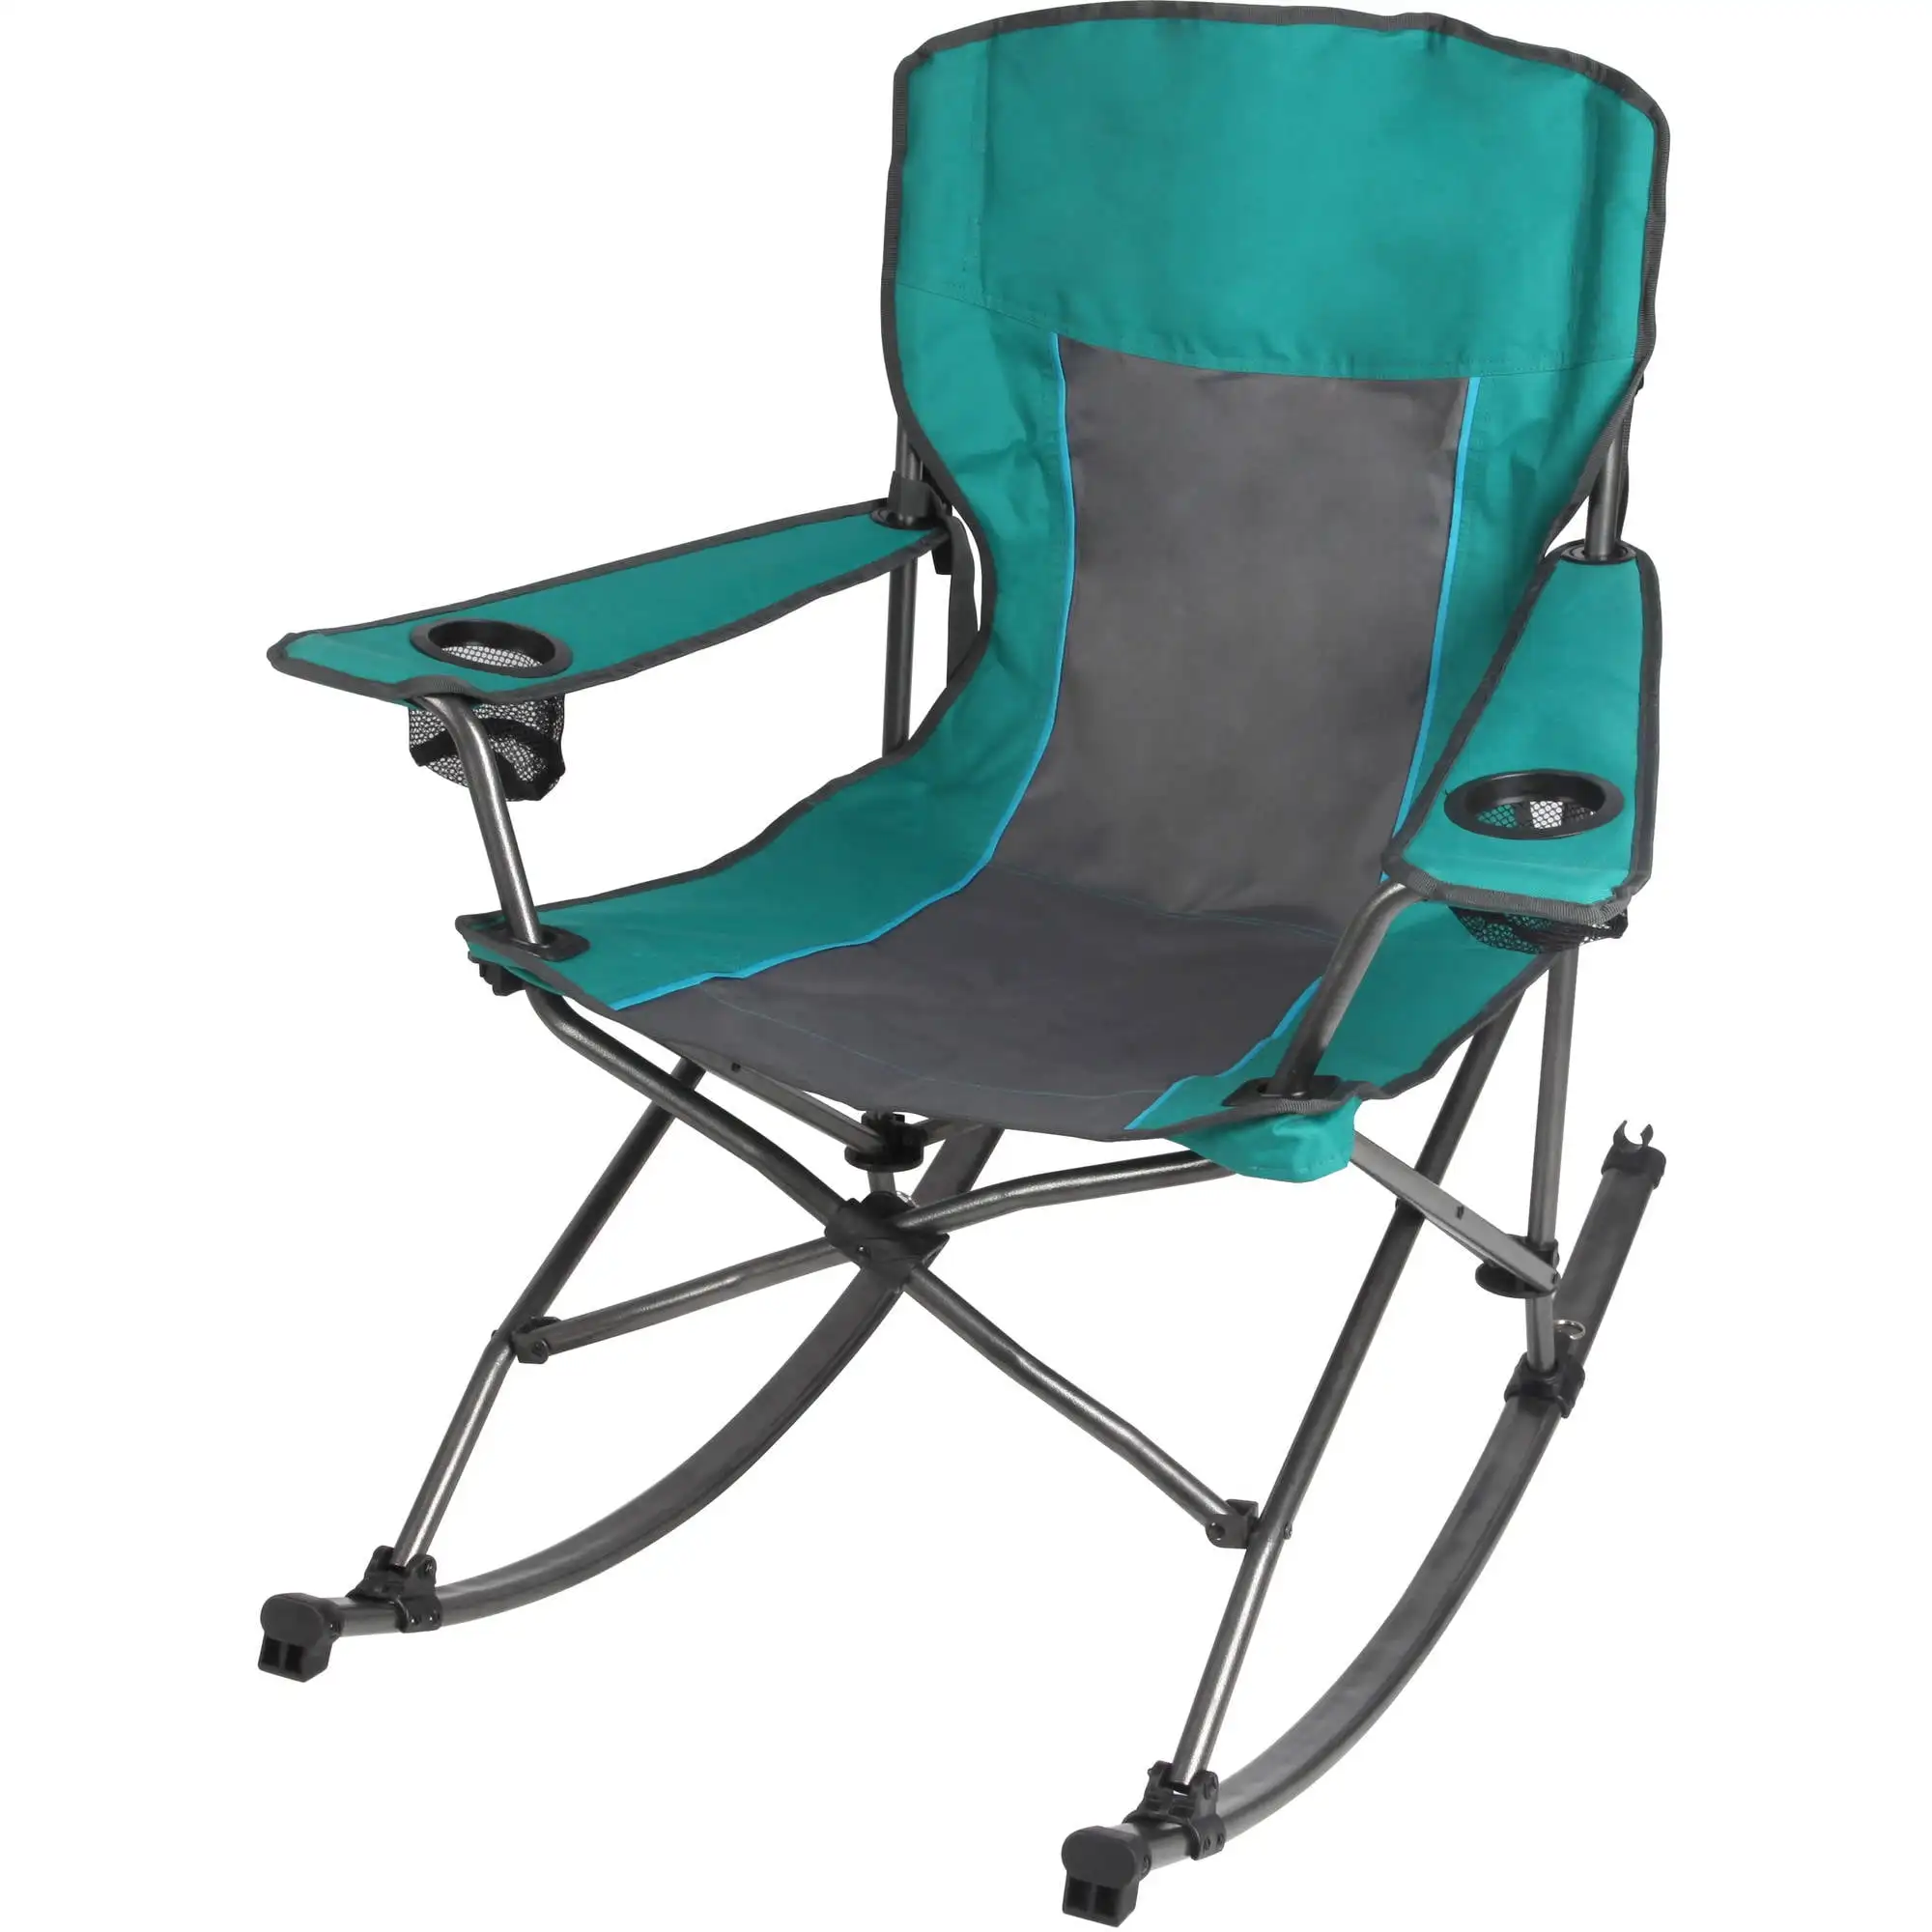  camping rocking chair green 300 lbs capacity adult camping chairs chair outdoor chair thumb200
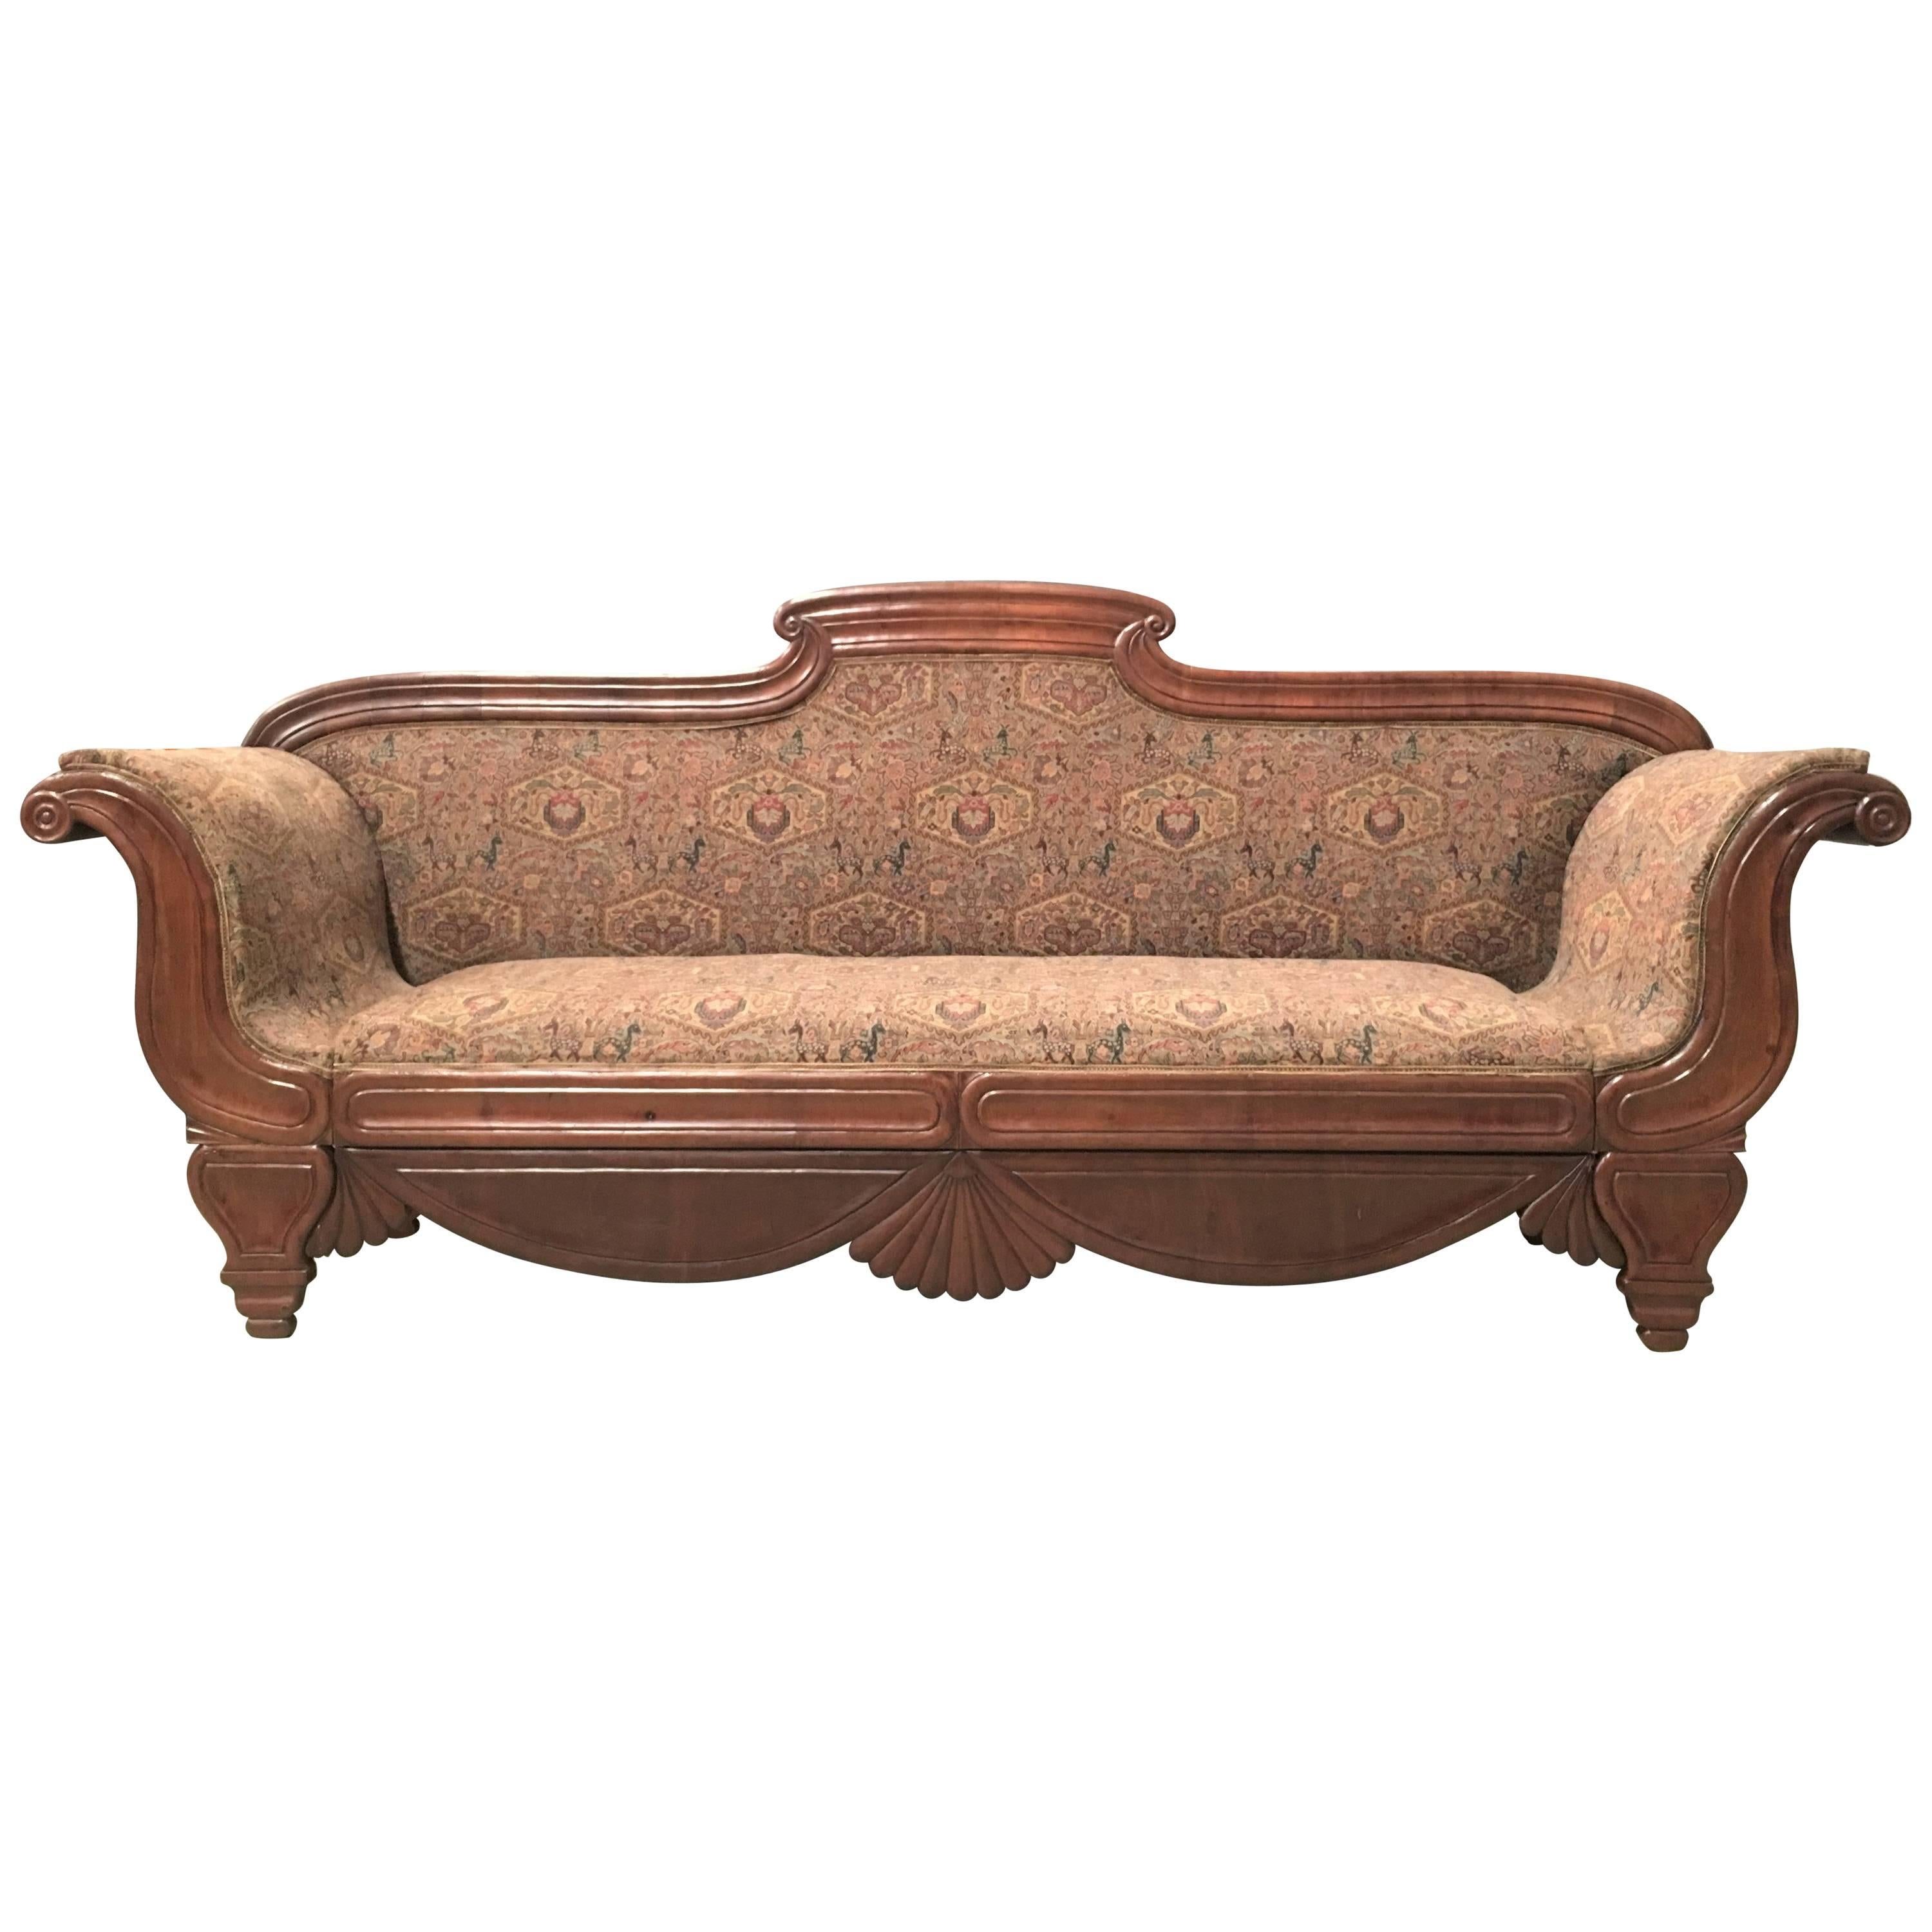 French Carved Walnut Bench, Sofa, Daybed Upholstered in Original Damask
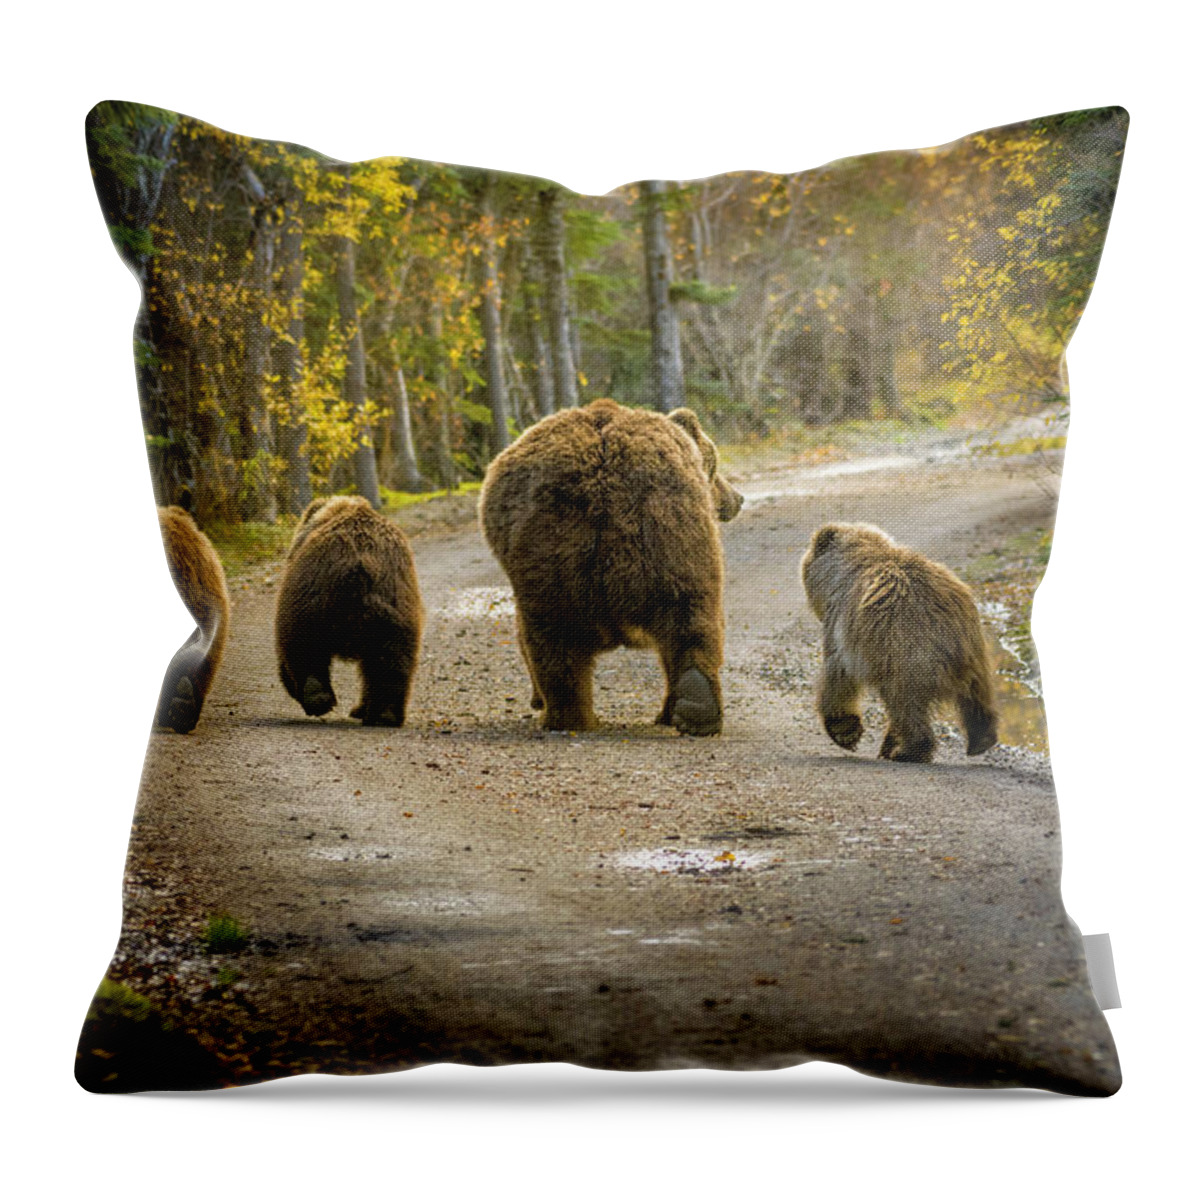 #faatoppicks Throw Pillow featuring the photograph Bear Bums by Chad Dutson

- _Problem description_:
Write out each line of the data exactly; the images should be left out.

- _Your response_:
  camping rocking chair green 300 lbs capacity adult camping chairs chair outdoor chair thumb200
 French Carved Walnut Bench, Sofa, Daybed Upholstered in Original Damask
 #faatoppicks Throw Pillow featuring the photograph Bear Bums by Chad Dutson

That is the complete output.